Information shown =

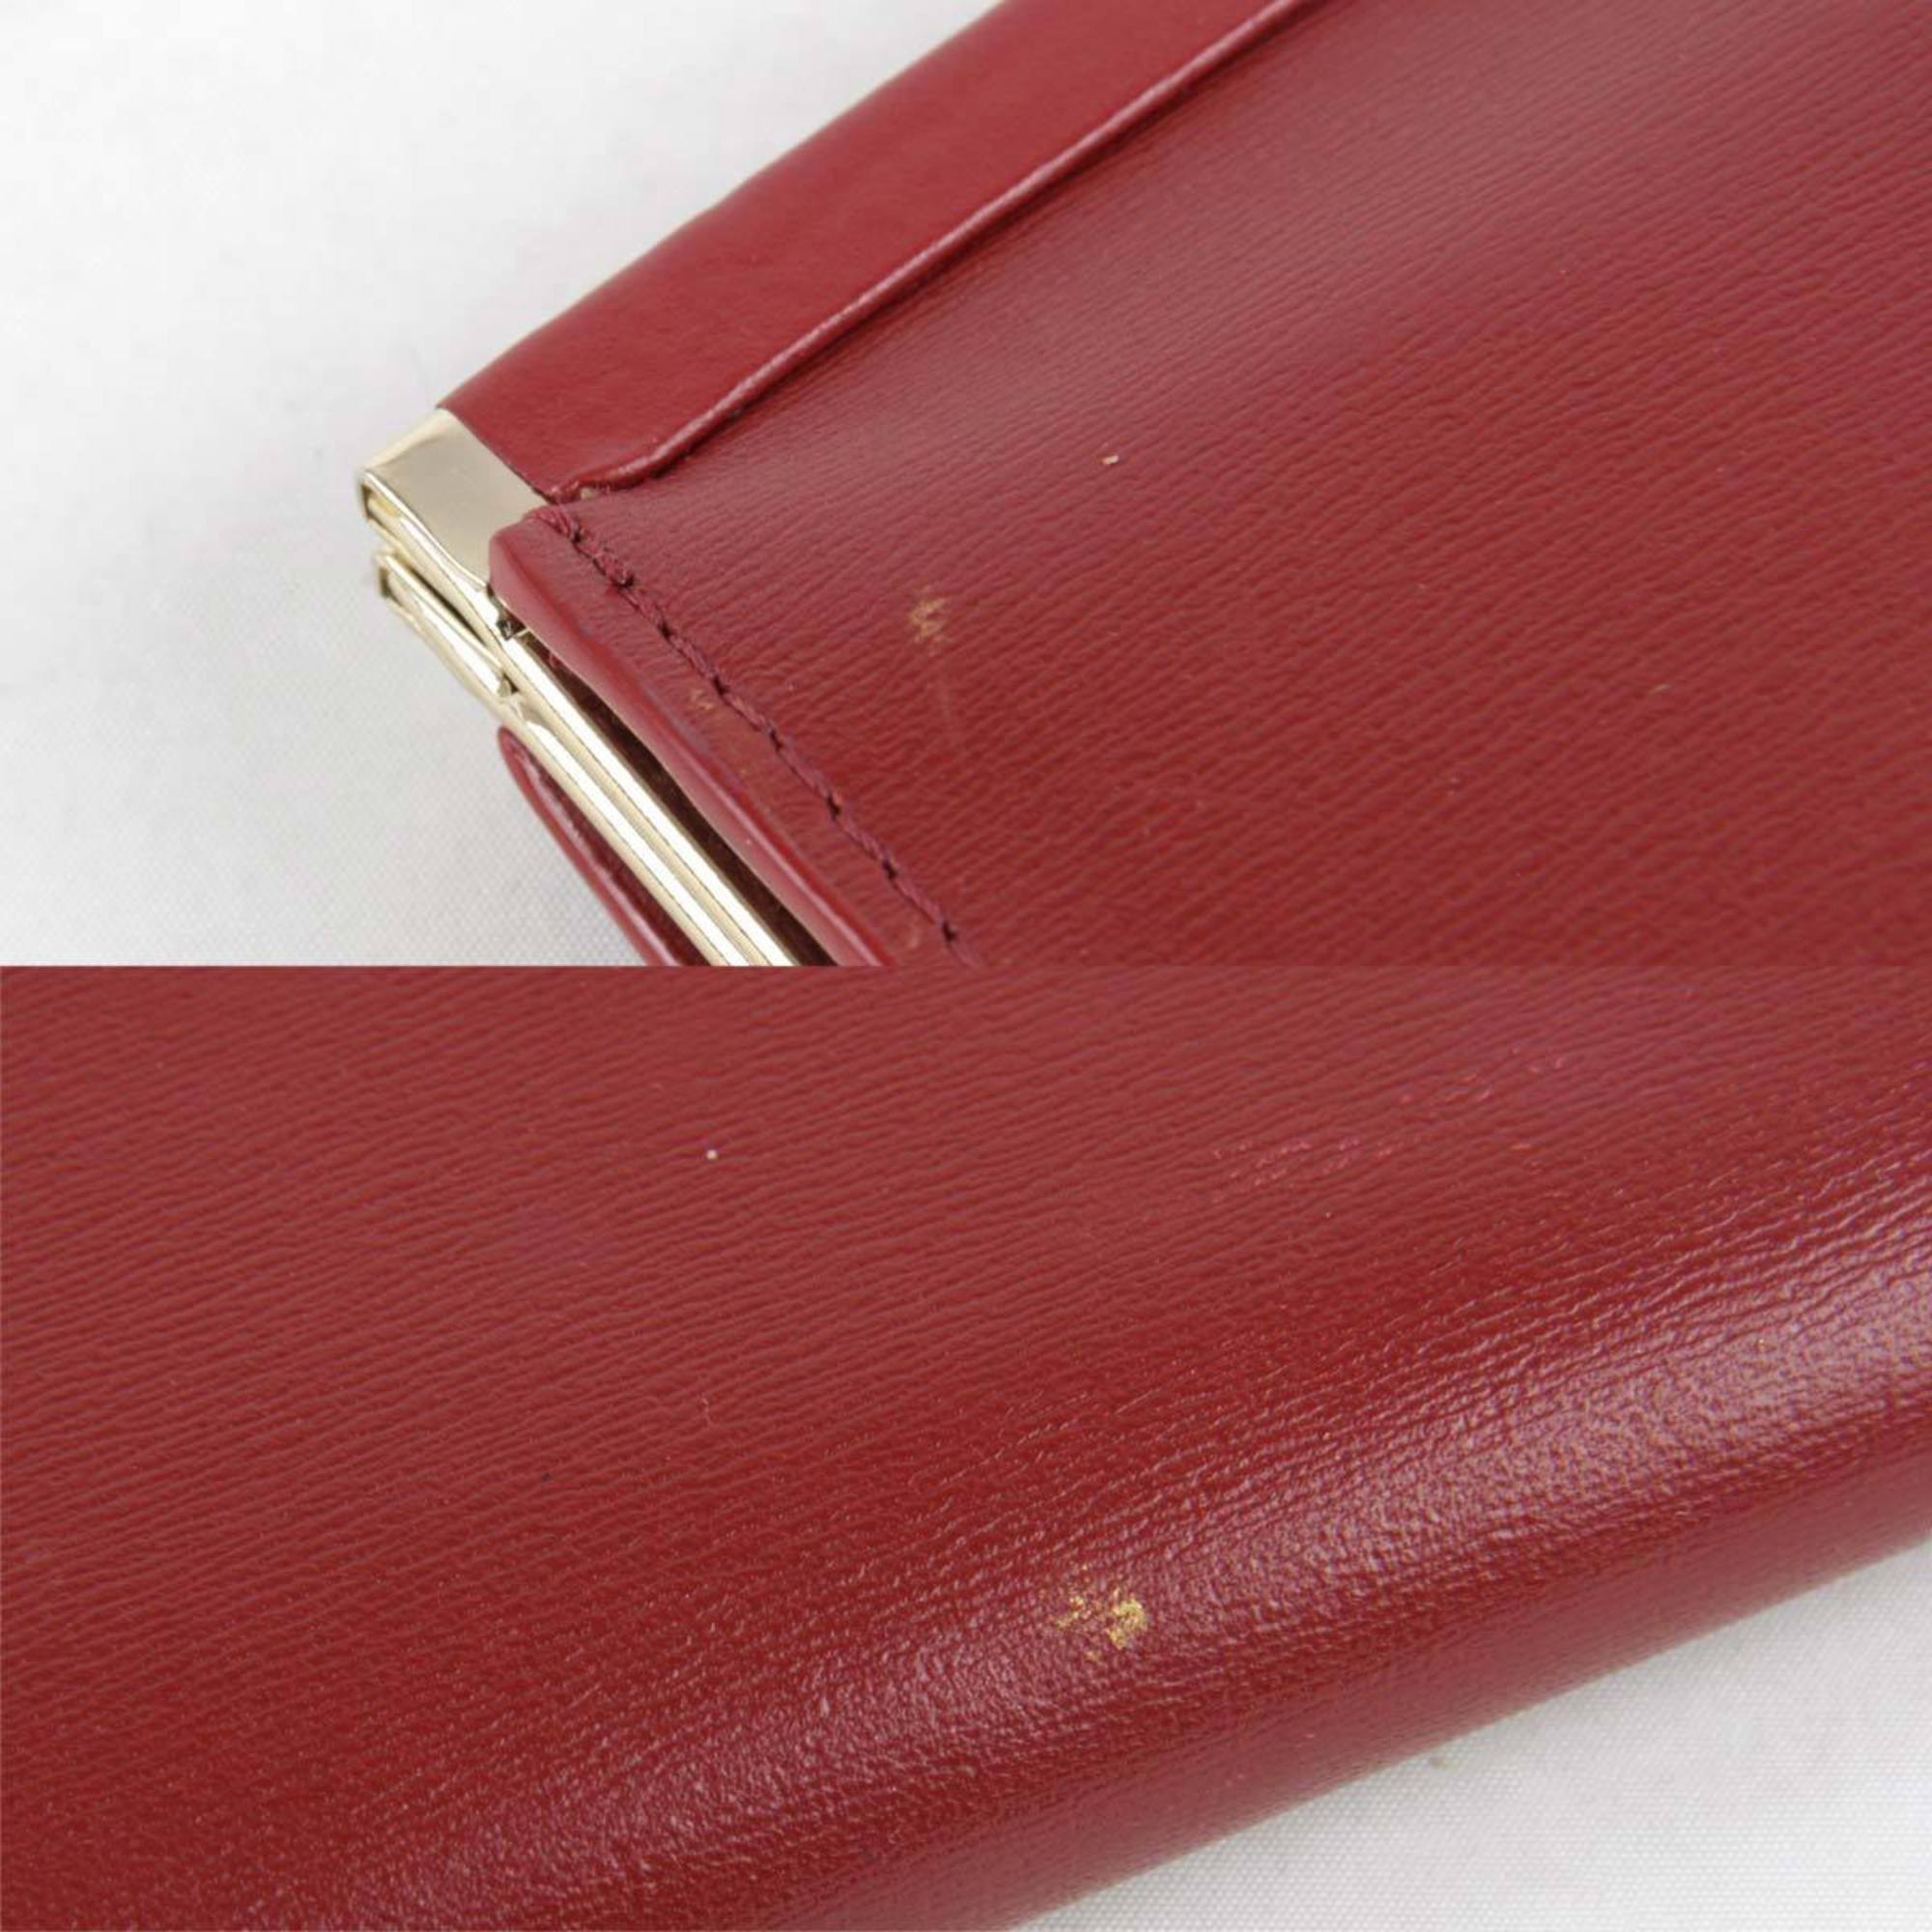 Paul Smith Long Wallet Leather Red Women's
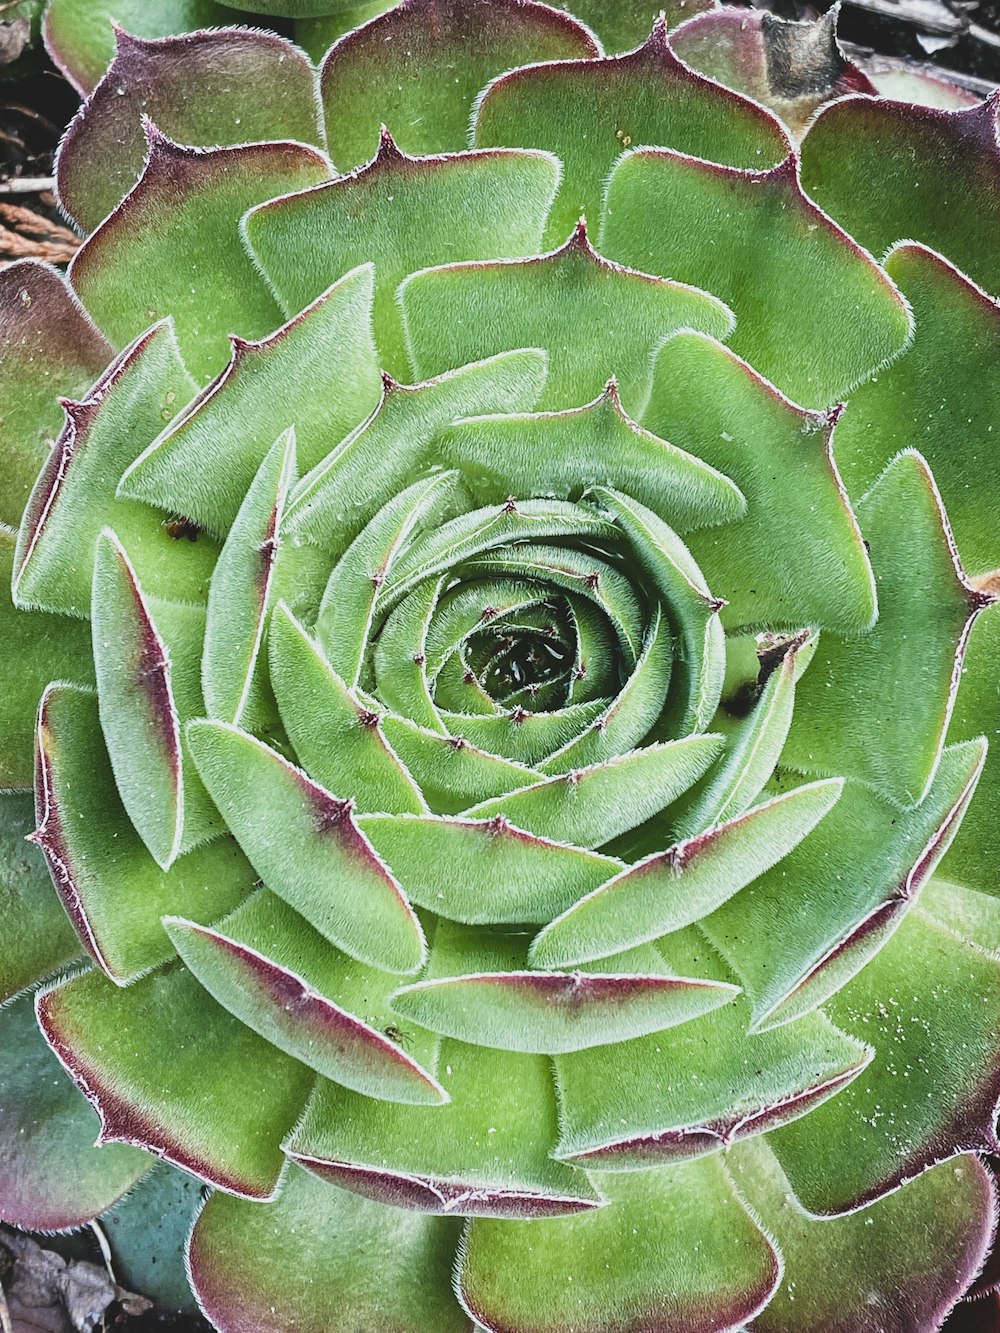 a close up of a green and purple plant
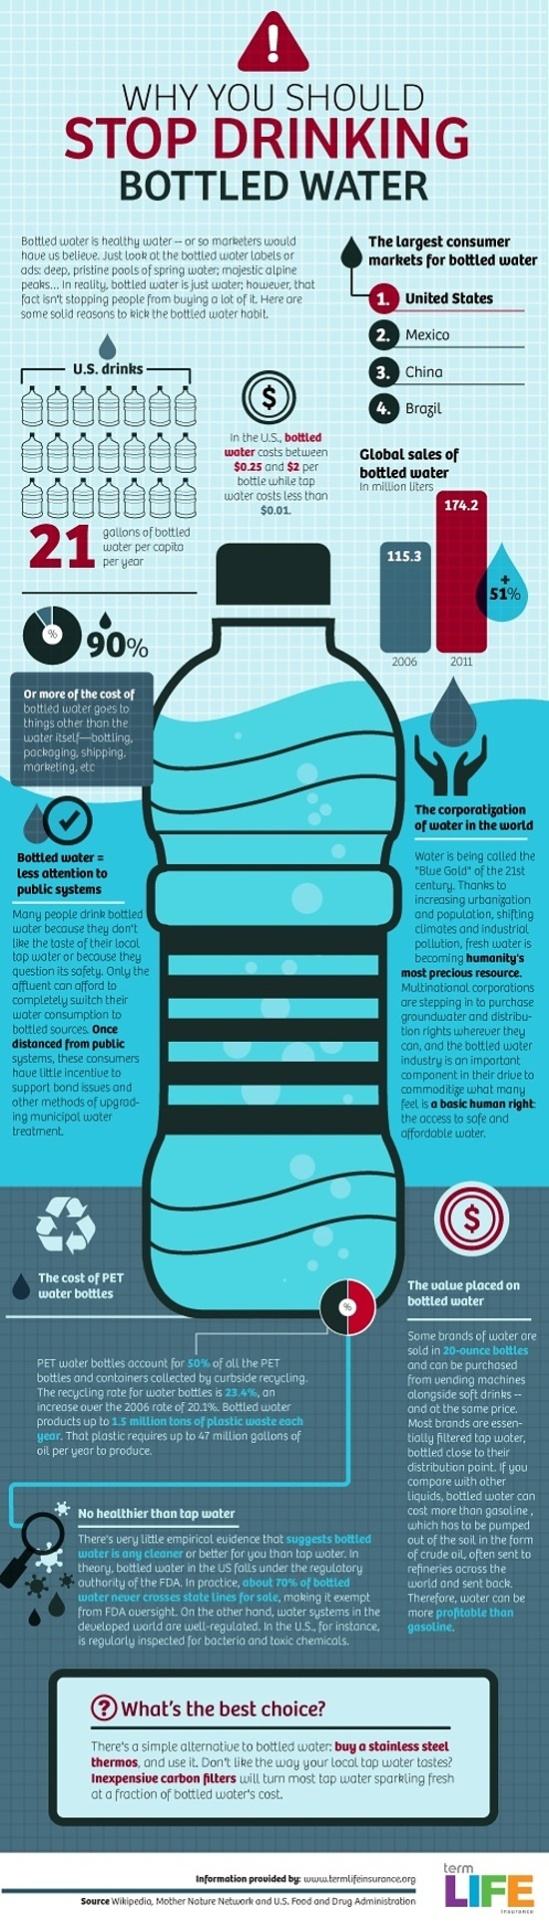 Obrázek Stop drinking bottled water - the facts 29-12-2011
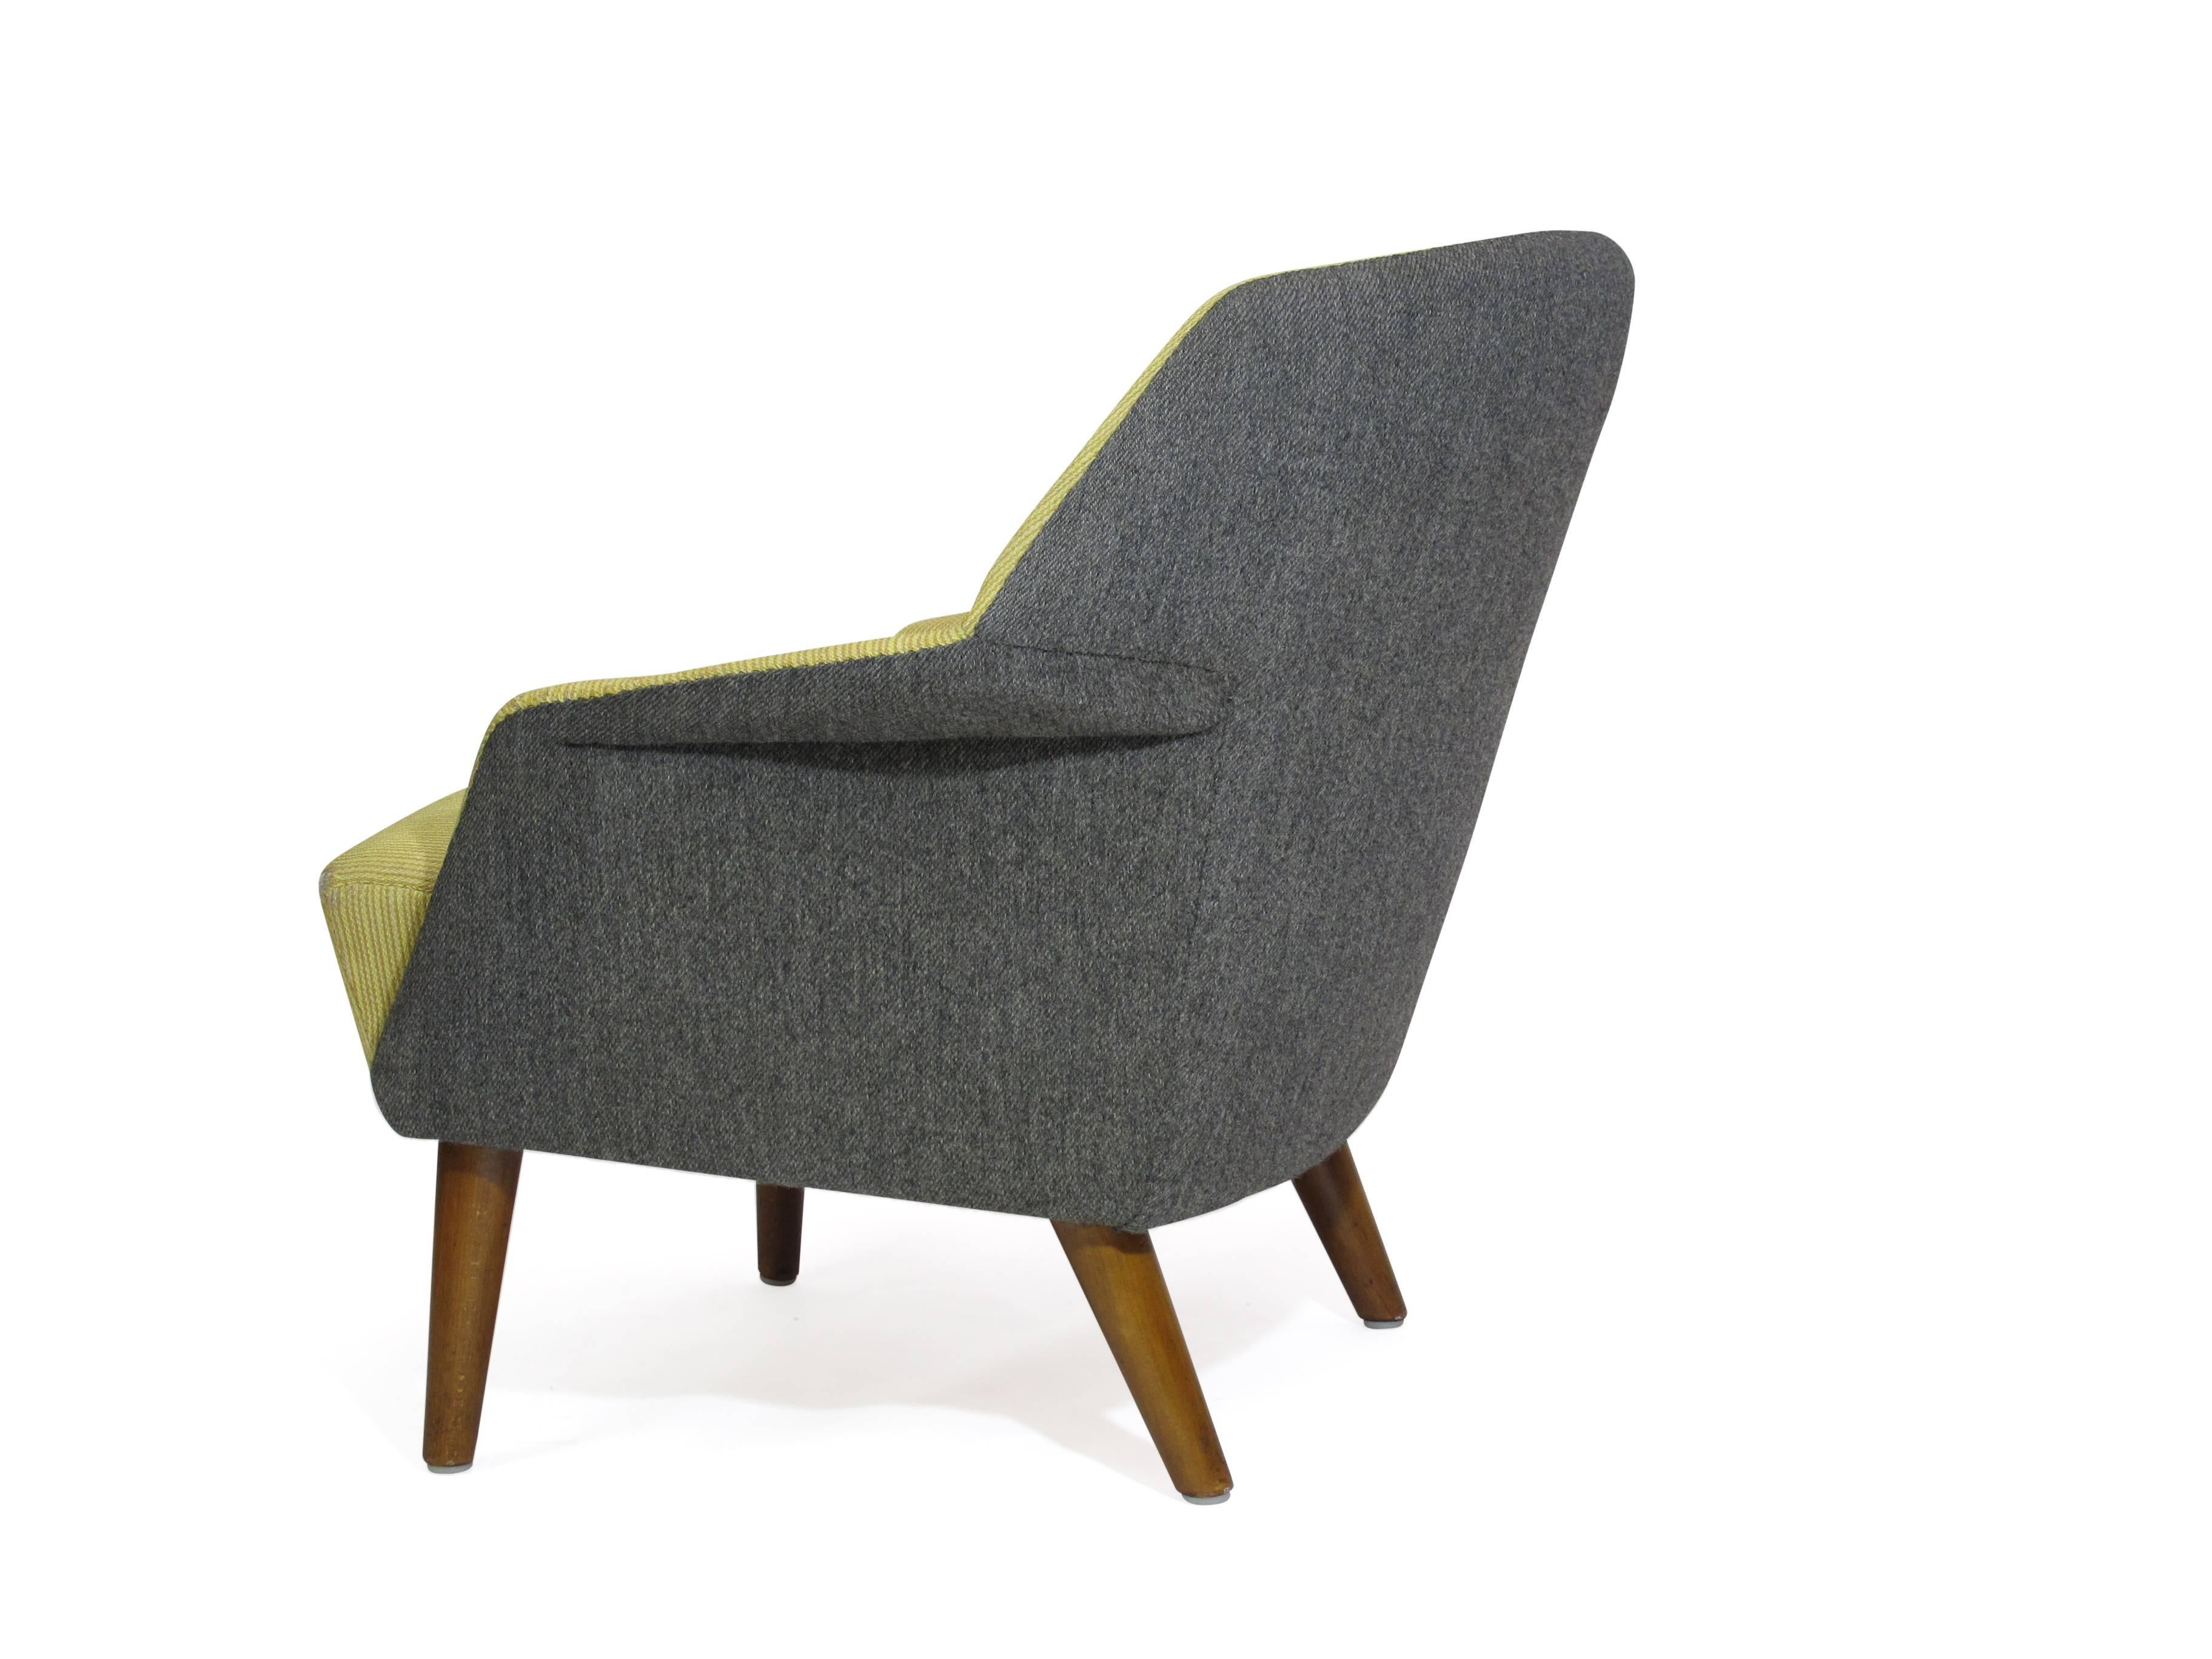 Wool Aksel Bender Madsen Danish Lounge Chair for Reupholstery

What you are asked to do = Every line of the listing should be copied precisely, with images omitted.

Expected answer =
 Paul Smith Long Wallet Leather Red Women's
 a close up of a green and purple plant
 Obrázek Stop drinking bottled water - the facts 29-12-2011
 Wool Aksel Bender Madsen Danish Lounge Chair for Reupholstery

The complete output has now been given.